Helene Hovanec considers herself pretty web savvy. The 79-year-old has a MacBook, iPad and an iPhone and is generally comfortable with navigating the internet. But when it came to signing up for a COVID-19 vaccination appointment on Monday, her difficulties brought up a familiar resentment.

“I always have this conspiracy theory that they hate old people,” said Hovanec about navigating government institutions. “They're doing it to make it difficult for old people — the ones who need the vaccine the most.”

On Monday, everyone 75 and older in New York State became eligible to receive the COVID-19 vaccine after Gov. Andrew Cuomo’s office cleared the “1B” category to receive doses. This group includes those 75 and older, as well as educators, public safety workers, and public transit workers.

It’s one of the most high-risk groups in the city, with a nearly 12% COVID-19 positivity rate in recent weeks, according to health commissioner Dr. Dave Chokshi.

But despite this high need, many older adults like Hovanec are feeling discouraged and frustrated by the vaccine registration process.

“I think [the website] was not tested on anybody human — certainly not old people,” said Hovanec. 

To find an available appointment, people can go to the city’s vaccine finder website and then enter their zip code. But from there, things get more difficult.

“There's so many different appointment registration systems — one for the health department sites, one for the public hospital site, and then one for every different community clinic network or pharmacy network,” said Councilmember Mark Levine. “It requires a lot of clicking through to find an open appointment, and generally each registration system requires you to set up an account and prove eligibility, so it's too complicated now.”

Some of the registration systems use two-factor authentication, which requires access to another device to receive a text message. And the process also asks people to upload photos or scans of their insurance documents and ID without informing them beforehand. And as of Monday afternoon, the only available language on the site was English.

“They don't have to make it this difficult,” said Hovanec. “It's non-intuitive, and it's very difficult to understand what they're really doing. It just doesn't make sense.”

Hovanec was eventually able to book an appointment for this week, but for many others, like Suzanne Boule, that wasn’t the case. 

“I could not get [an appointment],” said Boule, 79. “The problem is that I live in Brooklyn Heights, and my choices for locations were the Bronx, Staten Island and Queens.”

She said she would try again the next morning to see if she had better luck.

Sharon Corso, on the other hand, couldn’t even find an available time. 

The 79-year-old tried to book an appointment over the phone by calling urgent care centers directly.

“I got a recording that they have nothing available for Tuesday, Wednesday and they're not going forward [in dates],” said Corso, who lives in Briarwood. “In other words, I have to keep trying.”

There’s also the issue of internet access for older adults.

At least a quarter of the people served by Health Advocates For Older People, a nonprofit that serves older adults, do not have access to email or the internet at home, according to executive director Nancy Houghton. 

“This is a big problem for older adults,” she said. “Many of our seniors that have email addresses have not been able to access their email since March because most of them access it in the library, which are closed.”

Although the city launched a phone system on Monday for people to book appointments, there is concern over how long the process will take on the phone.

“We are going to be advocating that there is no more than a half an hour wait on there,” said Allison Nickerson, executive director of LiveOn NY, an advocacy network for senior centers and agencies. “It's one thing if you can do all of these things on your smartphone or online, but a lot of older New Yorkers don't have access to that and have limited minutes because they have a limited plan or a low-cost plan.”

Long wait times over the phone hearken back to when the pandemic first exploded and people flooded the unemployment phone lines.

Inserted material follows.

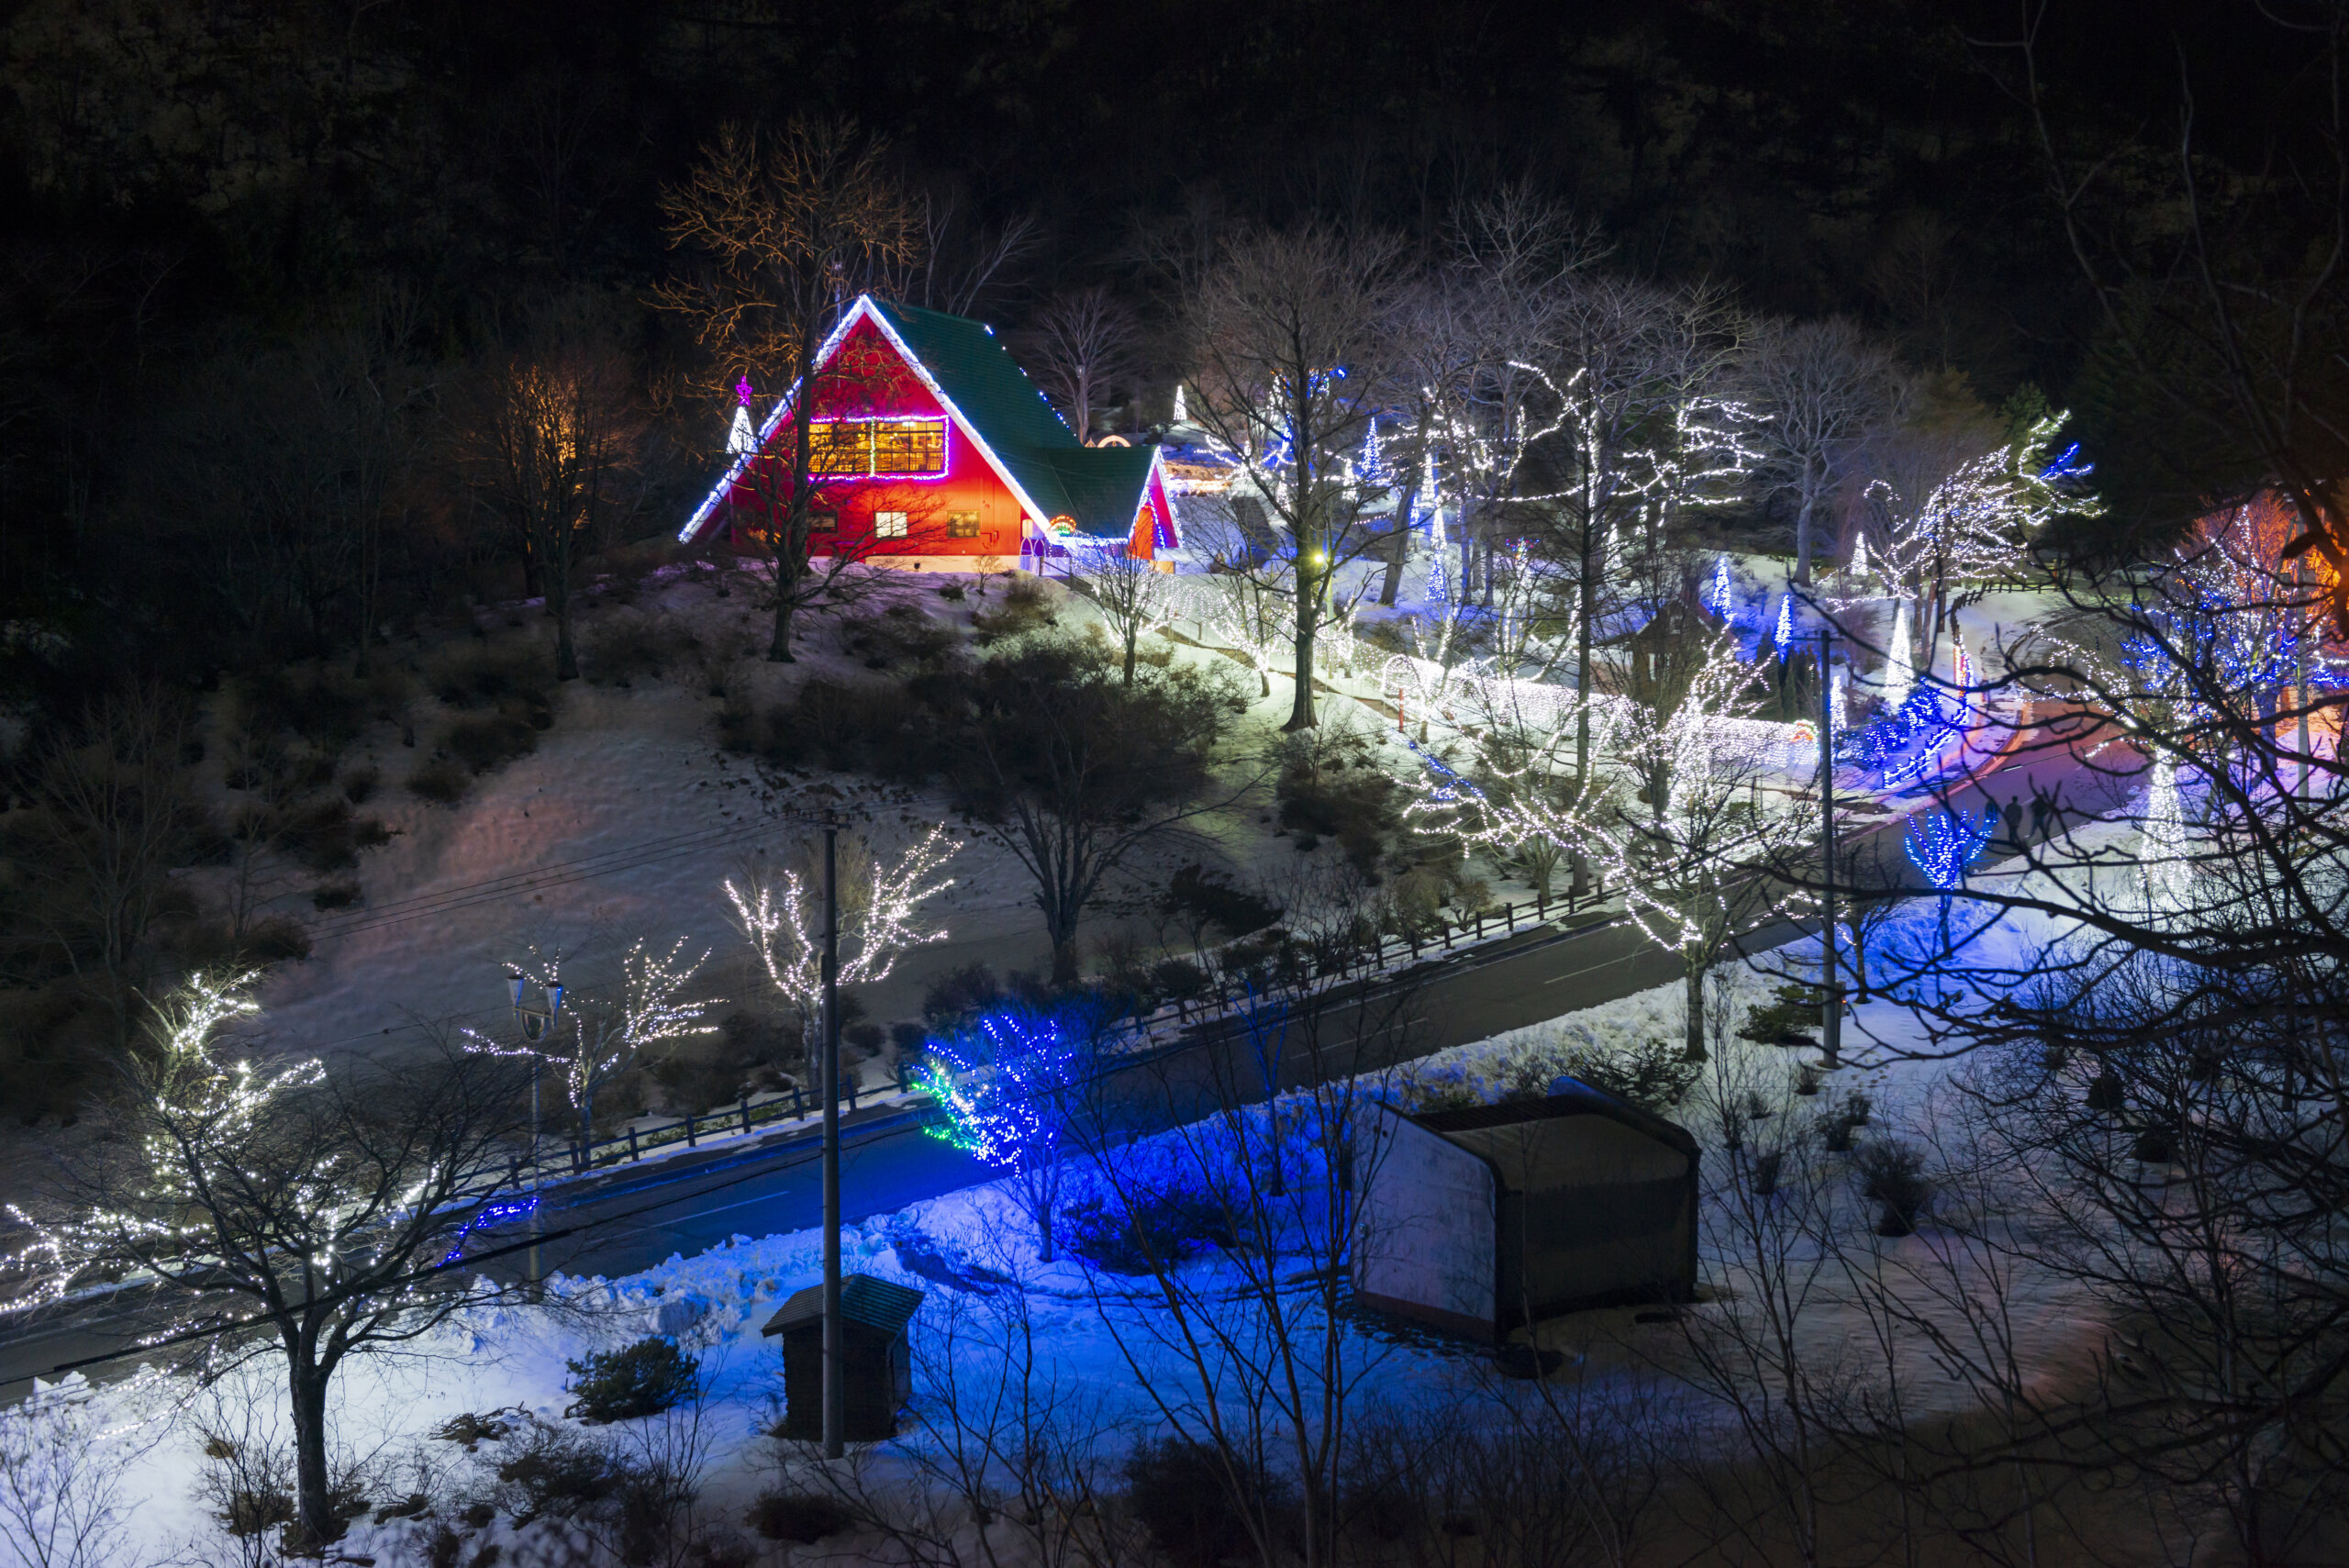 Enjoy the Magic of Santaland, Complete with Illuminations and a Christmas Market

“We had a lot of calls about unemployment when COVID-19 first happened and was overwhelming the phone lines and we're getting a lot of calls now,” said Assemblymember Jo Ann Simon. “And it's only the first day when they went into the category ‘1B,’ but they didn't seem to have ‘1A’ figured out quite yet.”

Simon said her office was receiving calls Monday from people who were feeling like the registration process is discriminatory towards older people.

“A lot of people are trying to get through and the process is, it seems to be quite tortured,” she said.

At his daily press briefing on Monday, Mayor Bill de Blasio defended the sign-up process.

“We absolutely want the simplest possible system,” he said. “Folks who are going through a lot, we want them to have as easy an experience as possible making their appointments. That said, there's really important information that is required by law, and we've got to get that right up front. So that's the balance point here.”

For Hovanec, though she’s never signed up for something online that proved to be as difficult, she said there was no way she could avoid the process.

“Normally, I would say, ‘Who needs it?’ or go somewhere else,” she said. “But this is kind of important. It's sort of, you know, life or death, especially for old people.”